George Stepaniants is an NSF MSPRF postdoctoral fellow at the California Institute of Technology (Caltech) in the Department of Computing and Mathematical Sciences working with Professor Andrew Stuart. He received his PhD from the Massachusetts Institute of Technology (MIT) in 2024 in the Department of Mathematics co-advised by Professors Philippe Rigollet and Jörn Dunkel funded by the NSF GRFP and MIT Presidential Fellowship. He was also part of the Interdisciplinary Doctoral Program in Statistics (IDPS) through the Institute for Data, Systems, and Society (IDSS). Prior to MIT, George graduated in 2019 from the University of Washington (UW) with a Bachelors of Science in Mathematics and Computer Science where he performed research in the Department of Applied Mathematics under Professor Nathan Kutz.

George Stepaniants’ talk will take place as part of the IMS Lawrence D Brown PhD Student Award session, at JSM Nashville, August 2–8, 2025.

Alignment of Untargeted Data through their Covariances: A Novel Perspective on a Classical Tool in Optimal Transport

Dataset or feature alignment is a fundamental problem in statistics and machine learning, arising in a variety of fields including computer vision, machine translation, and biostatistics. Despite the progress of feature alignment methods in computer science, they are not immediately applicable to biostatistical problems, where tasks such as data comparison, pooling, and annotation from a reference dataset must be guided by the correct biological constraints. These tasks frequently arise in “untargeted” studies of metabolomics, proteomics, and lipidomics experiments, where concentrations of compounds (metabolites, proteins, and lipids) are measured across a collection of patients. Because the compounds in these studies are not preselected and are unlabeled, they allow for the discovery of new biomarkers that indicate the health status of a patient. The unlabeled nature of these studies gives rise to a wide range of feature (compound) matching problems as practitioners often desire to compare the features, merge datasets, or transfer feature annotations between two untargeted experimental studies.

We begin this talk by discussing the relevance that optimal transport has for solving such problems in biological feature matching. Even when studying the same phenomena, biological datasets collected in different labs do not have identical cohorts or similar sample sizes. In order to match the features between such datasets, we discuss an important extension of the optimal transport method known as the Gromov–Wasserstein (GW) algorithm, which performs matchings between the feature similarity matrices of both datasets.

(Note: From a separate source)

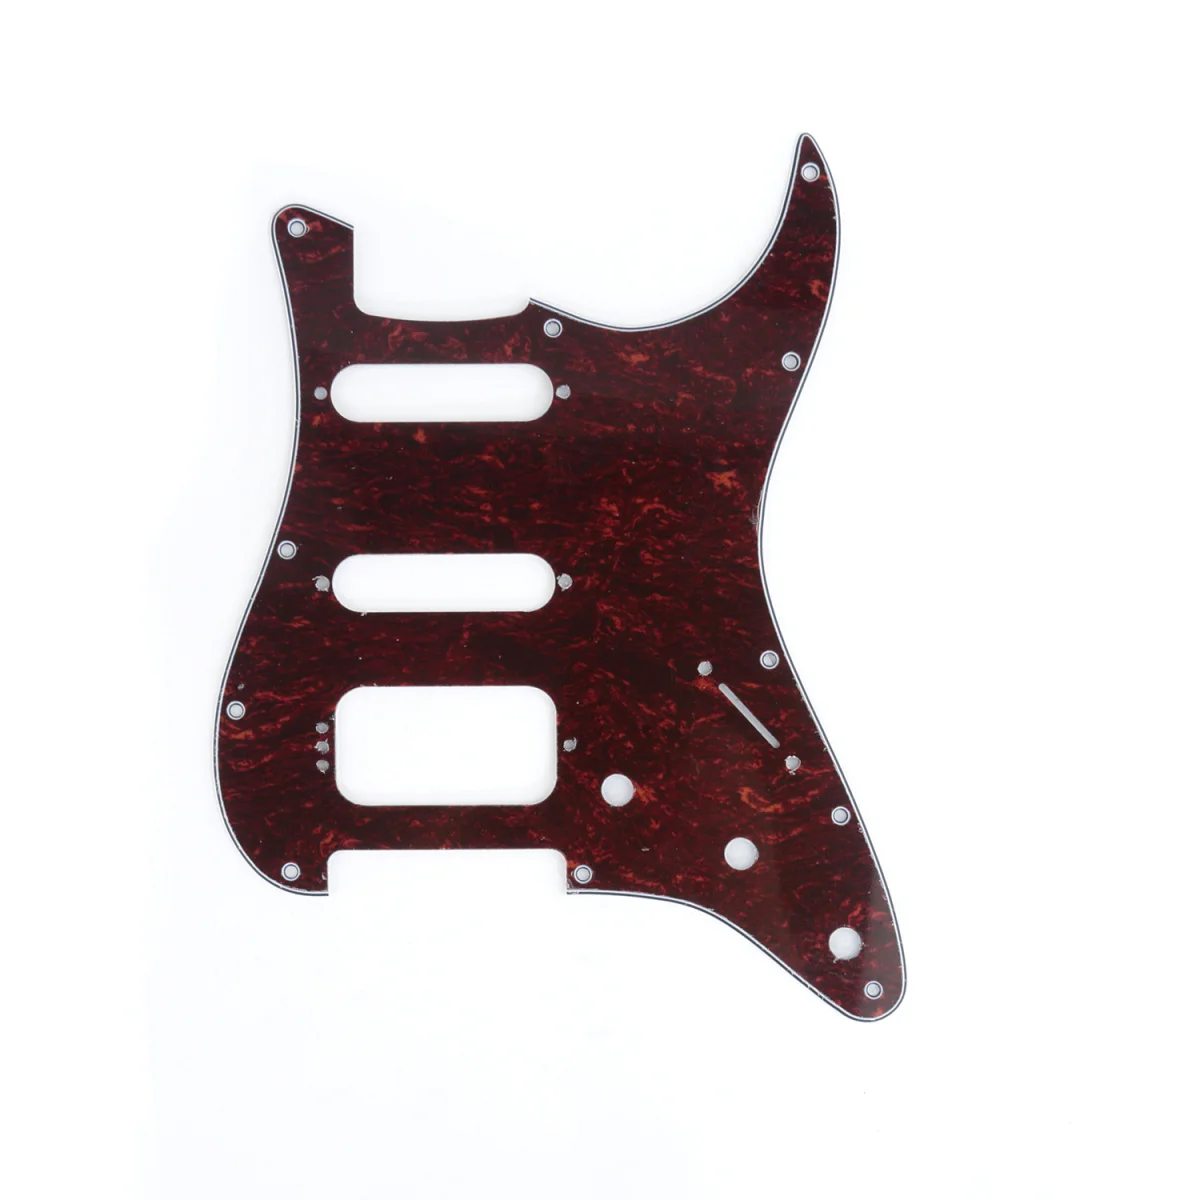 

Musiclily Pro 11-Hole Round Corner HSS Guitar Strat Pickguard for USA/Mexican Strat 4-screw Humbucking Pickup, 4Ply Red Tortoise

To the extent of our knowledge, we develop the first application of optimal transport for the analysis and matching of metabolomic (liquid-chromatography mass-spectroscopy; LC-MS) datasets. Our method, GromovMatcher, a constrained GW solver, accurately matches corresponding metabolic features between studies, delivering superior alignment accuracy and robustness compared to existing approaches. Applying GromovMatcher to experimental metabolic studies of liver and pancreatic cancer, we discover shared metabolic features between these cancer groups and showcase the potential of our method for advancing alcohol biomarker discovery.

Motivated by these real-world feature alignment problems and the success of Gromov–Wasserstein in these settings, we propose and analyze a novel statistical framework for feature matching between two unlabeled datasets. In this framework, the features of both datasets follow the same joint Gaussian distribution with unknown covariance, and features of the second dataset are permuted by an unknown permutation which we wish to recover. We show how the correct permutation of the features can be recovered through a quasi-maximum likelihood estimator (QMLE) as well as through the GW method. Both estimators aim to align the empirical covariance matrices of both datasets, which we term the “covariance alignment” problem, offering a previously unstudied setting for graph matching with Wishart random matrices. The QMLE and GW estimators are instances of quadratic assignment problems which require combinatorial optimization over the discrete space of permutations. However, unlike the QMLE, the GW estimator can be lifted to the continuous space of coupling matrices and hence can be optimized with gradient methods, allowing it to scale to far larger matching problems as shown by our numerical experiments.

The novelty of our statistical framework lies in the fact that the unknown covariance of both datasets is treated as a nuisance parameter. This allows us to show that QMLE and GW achieve the same minimax optimal rate for the covariance alignment problem that has a non-standard dimension scaling, interpolating between the rate of permutation estimation and the rate of estimation of the nuisance covariance. Finally, these results give the first statistical justification of the Gromov–Wasserstein algorithm for feature alignment.

This talk is based on my PhD work with Philippe Rigollet and Yanjun Han at MIT along with collaborators in the group of Vivian Viallon at IARC in Lyon, France.